Severe weather and flooding risk escalate in Central Indiana this week | June 8, 2026

Marcus’ 4 a.m. Monday forecast

INDIANAPOLIS (WISH) — Heavy downpours will present a flooding risk almost every day this week.


Today: Heavy Rain Arrives, Flooding Possible

An upper level disturbance lifting moving across the state today, combined with an exceptionally muggy atmosphere, will produce scattered to widespread showers and thunderstorms through the day, with coverage and intensity increasing this afternoon. Areas south and west of Indianapolis face the greatest risk of heavy, potentially flooding rainfall today.

The higher flooding risk is across northwestern counties and east-central areas — particularly from Lafayette southwest to the I-74 corridor west — where 2 to 4+ inches of rain has already fallen over the weekend. Those saturated soils have little capacity left, and even modest the lightest amount of rainfall could push streams and low-lying areas over the edge.

Rain continues into tonight before gradually diminishing as the trough pushes into Ohio overnight.


Tuesday: Morning Showers East, Clearing by Afternoon

a few light showers across the eastern portion of the area are possible through Tuesday morning.

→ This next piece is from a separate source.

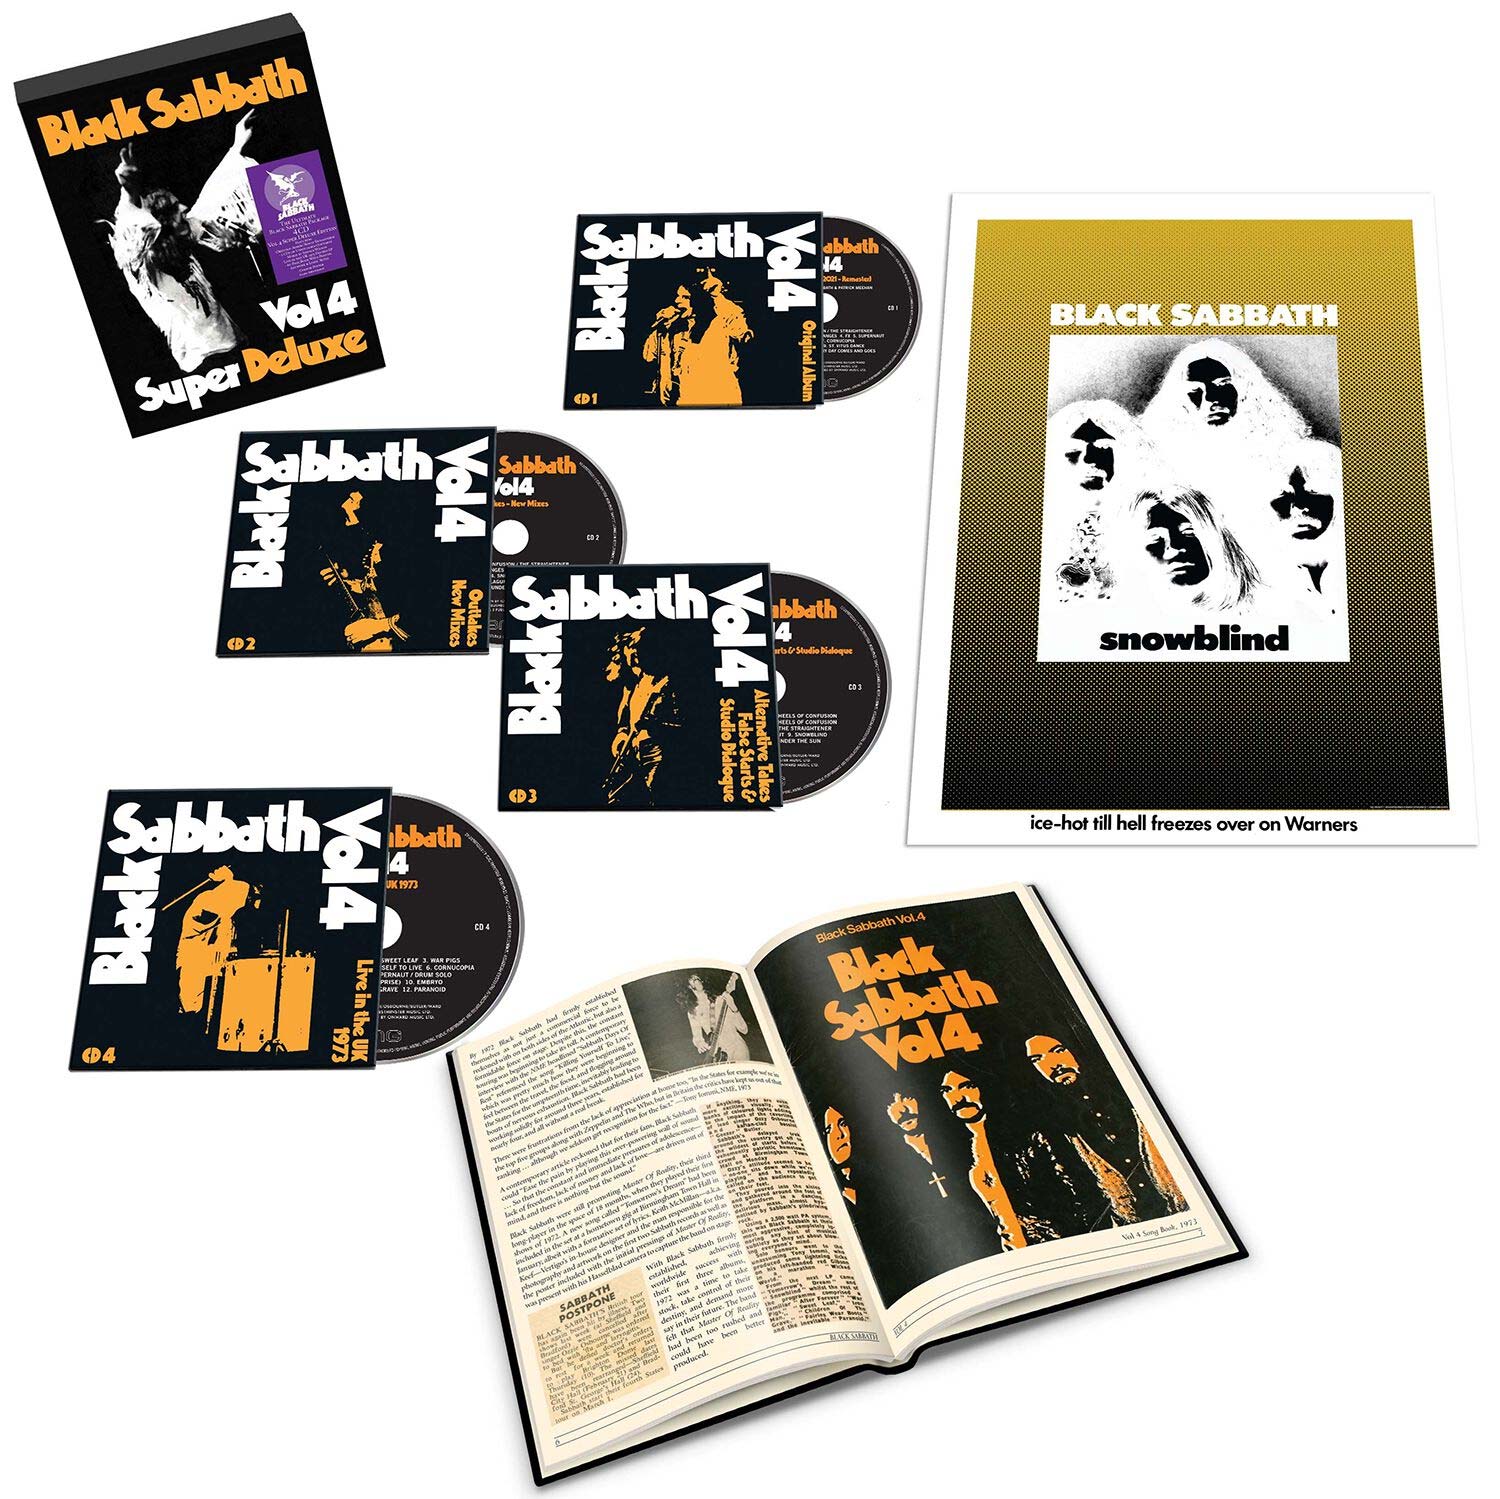 BLACK SABBATH lanza su clásico Vol. 4 en una edición 'super deluxe

We should improve significantly by afternoon as the system clears to the east, Temperatures rebound into the upper 80s under clearing skies.

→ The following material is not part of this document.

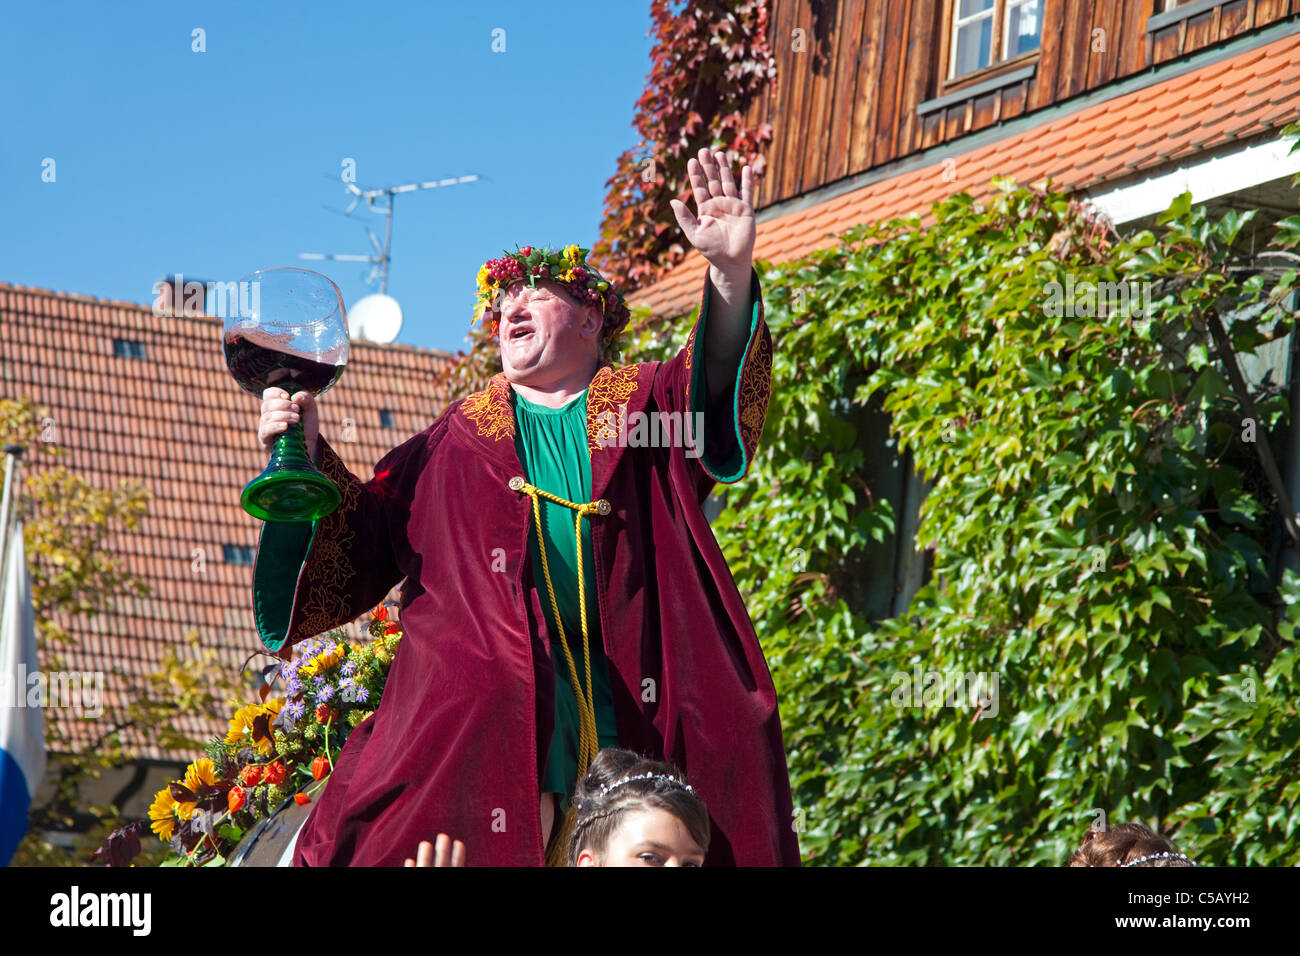 Bacchus le dieu du vin, fête folklorique avec groupes de costumes, fête de la récolte, festival du vin, Sasbachwalden, Forêt Noire, Bade-Wurtemberg, Allemagne Banque D'Images

Wednesday: Afternoon Storm Chance

Wednesday brings more of the same sticky, summer-air — warm southwest flow, high humidity, and enough afternoon instability to pop isolated showers and storms through the evening hours.


Thursday and Friday: Strong Storms Possible

The extended forecast continues to highlight late Thursday into Friday as the most significant severe weather and flooding setup of the week.

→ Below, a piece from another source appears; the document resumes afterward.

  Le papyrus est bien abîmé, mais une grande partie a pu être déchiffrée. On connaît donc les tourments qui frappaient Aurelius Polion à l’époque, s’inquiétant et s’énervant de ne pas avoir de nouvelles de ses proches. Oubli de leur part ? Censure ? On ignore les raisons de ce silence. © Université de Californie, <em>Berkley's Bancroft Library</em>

Thursday will be hot and unstable. Dew points in the upper 60s to low 70s and strong afternoon heating push temperatures into the upper 80s to low 90s, loading the atmosphere with a lot of energy. Isolated to scattered pulse thunderstorms fire easily through in the afternoon hours.

Late Thursday, a cold front moves through Central Indiana — and that’s when the setup turns more rough with isolated storms forming into lines and clusters capable of damaging straight-line winds — the primary threat— and isolated large hail. With high moisture content in the air, any storms that train over the same areas will pose a serious flash flooding ris, particularly across the parts of Central Indiana that will have already absorbed multiple rounds of heavy rain this week.


Weekend: Some Relief

The cold front clears southern Indiana late Friday night into Saturday morning, and a strong Canadian high — will bring a sharp northwest wind shift, which in turn will bring cooler and drier air through Saturday. Highs will be a bit closer to average, but humidity will be dramatically lower.